Biostatistics and Epidemiology/Research Design Component, Division of Clinical and Translational Sciences, Department of Internal Medicine, University of Texas McGovern Medical School, Houston, Texas, USA.
Division of Biostatistics and Epidemiology, Cincinnati Children's Hospital, Cincinnati, Ohio, USA.
Stat Med. 2021 Mar 30;40(7):1845-1858. doi: 10.1002/sim.8875. Epub 2021 Jan 10.

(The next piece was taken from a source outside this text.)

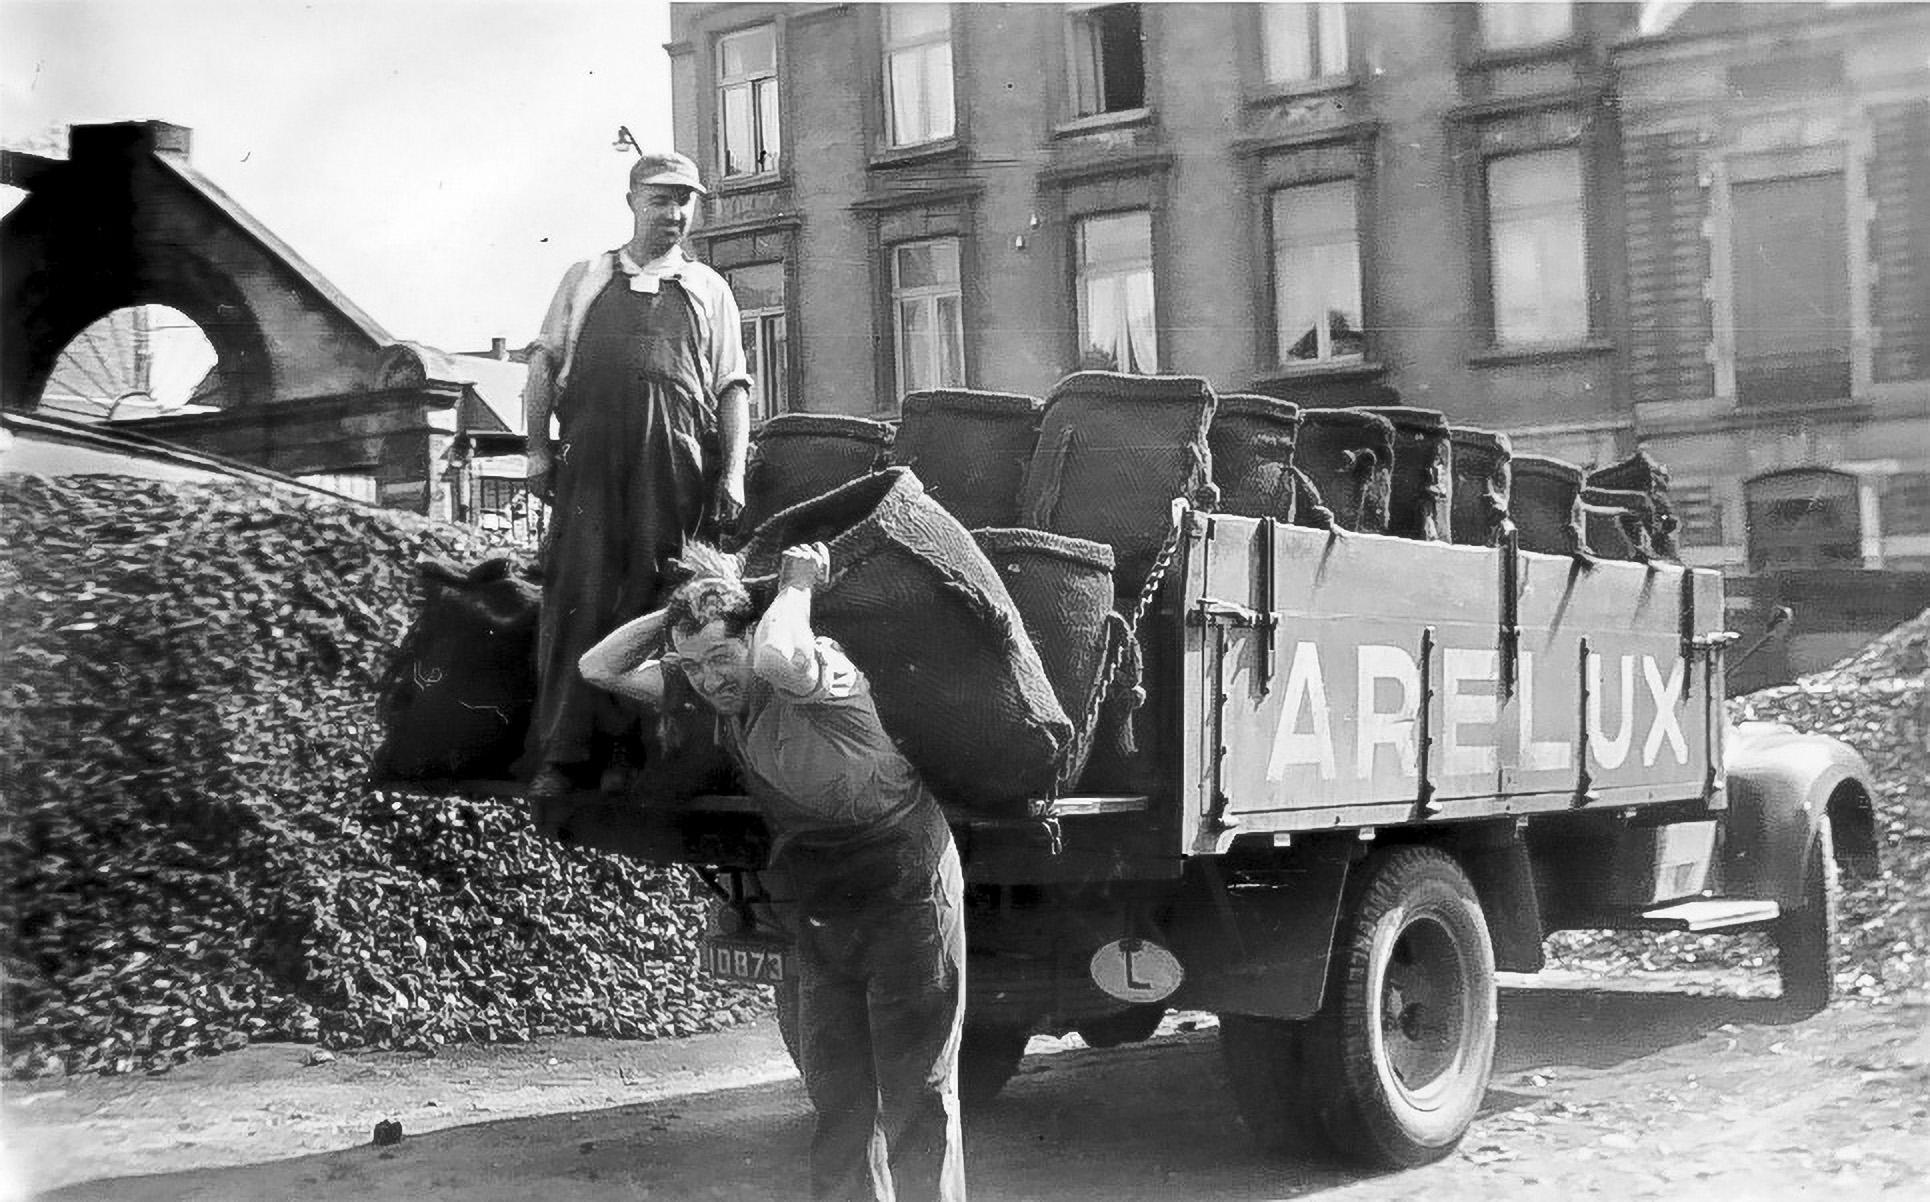 Camion de livraison Arelux (1955). L'ère du charbon s'achève, place au pétrole.

A frequent problem in longitudinal studies is that data may be assessed at subject-selected, irregularly spaced time-points, resulting in highly unbalanced outcome data, inducing bias, especially if availability of data is directly related to outcome. Our aim was to develop a multivariate joint model in a mixed outcomes framework to minimize irregular sampling bias. We demonstrate using blood glucose monitoring throughout pregnancy and risk of preterm birth among women with type 1 diabetes mellitus. Blood glucose measurements were unequally spaced and intensity of sampling varied between and within individuals over time. Multivariate linear mixed effects submodel for the longitudinal outcome (blood glucose), Poisson model for the intensity of glucose sampling, and logistic regression model for binary process (preterm birth) were specified. Association between models is captured through shared random effects. Markov chain Monte Carlo methods were used to fit the model. The multivariate joint model provided better prediction, compared with a joint model with a multivariate linear mixed effects submodel (ignoring intensity of glucose sampling) and a two-stage model. Most association parameters were significant in the preterm birth outcome model, signifying improvement of predictive ability of the binary endpoint by sharing random effects between glucose monitoring and preterm birth. A simulation study is presented to illustrate the effectiveness of the multivariate joint modeling approach.
在纵向研究中,一个常见的问题是数据可能是在受试者选择的、不规则间隔的时间点进行评估的,这导致结果数据极不平衡,从而产生偏差,特别是如果数据的可用性与结果直接相关。我们的目的是在混合结果框架中开发一个多变量联合模型,以最小化不规则采样偏差。我们使用整个怀孕期间的血糖监测和 1 型糖尿病患者早产的风险来演示。血糖测量的间隔不均匀,随着时间的推移,个体之间和个体内部的采样强度也有所不同。指定了用于纵向结果(血糖)的多变量线性混合效应子模型、用于葡萄糖采样强度的泊松模型以及用于二项过程(早产)的逻辑回归模型。通过共享随机效应来捕捉模型之间的关联。使用马尔可夫链蒙特卡罗方法拟合模型。与仅具有多变量线性混合效应子模型(忽略葡萄糖采样强度)和两阶段模型的联合模型相比,多变量联合模型提供了更好的预测。早产结局模型中的大多数关联参数均具有统计学意义,这表明通过在血糖监测和早产之间共享随机效应,可以提高二项终点的预测能力。提出了一项模拟研究来说明多变量联合建模方法的有效性。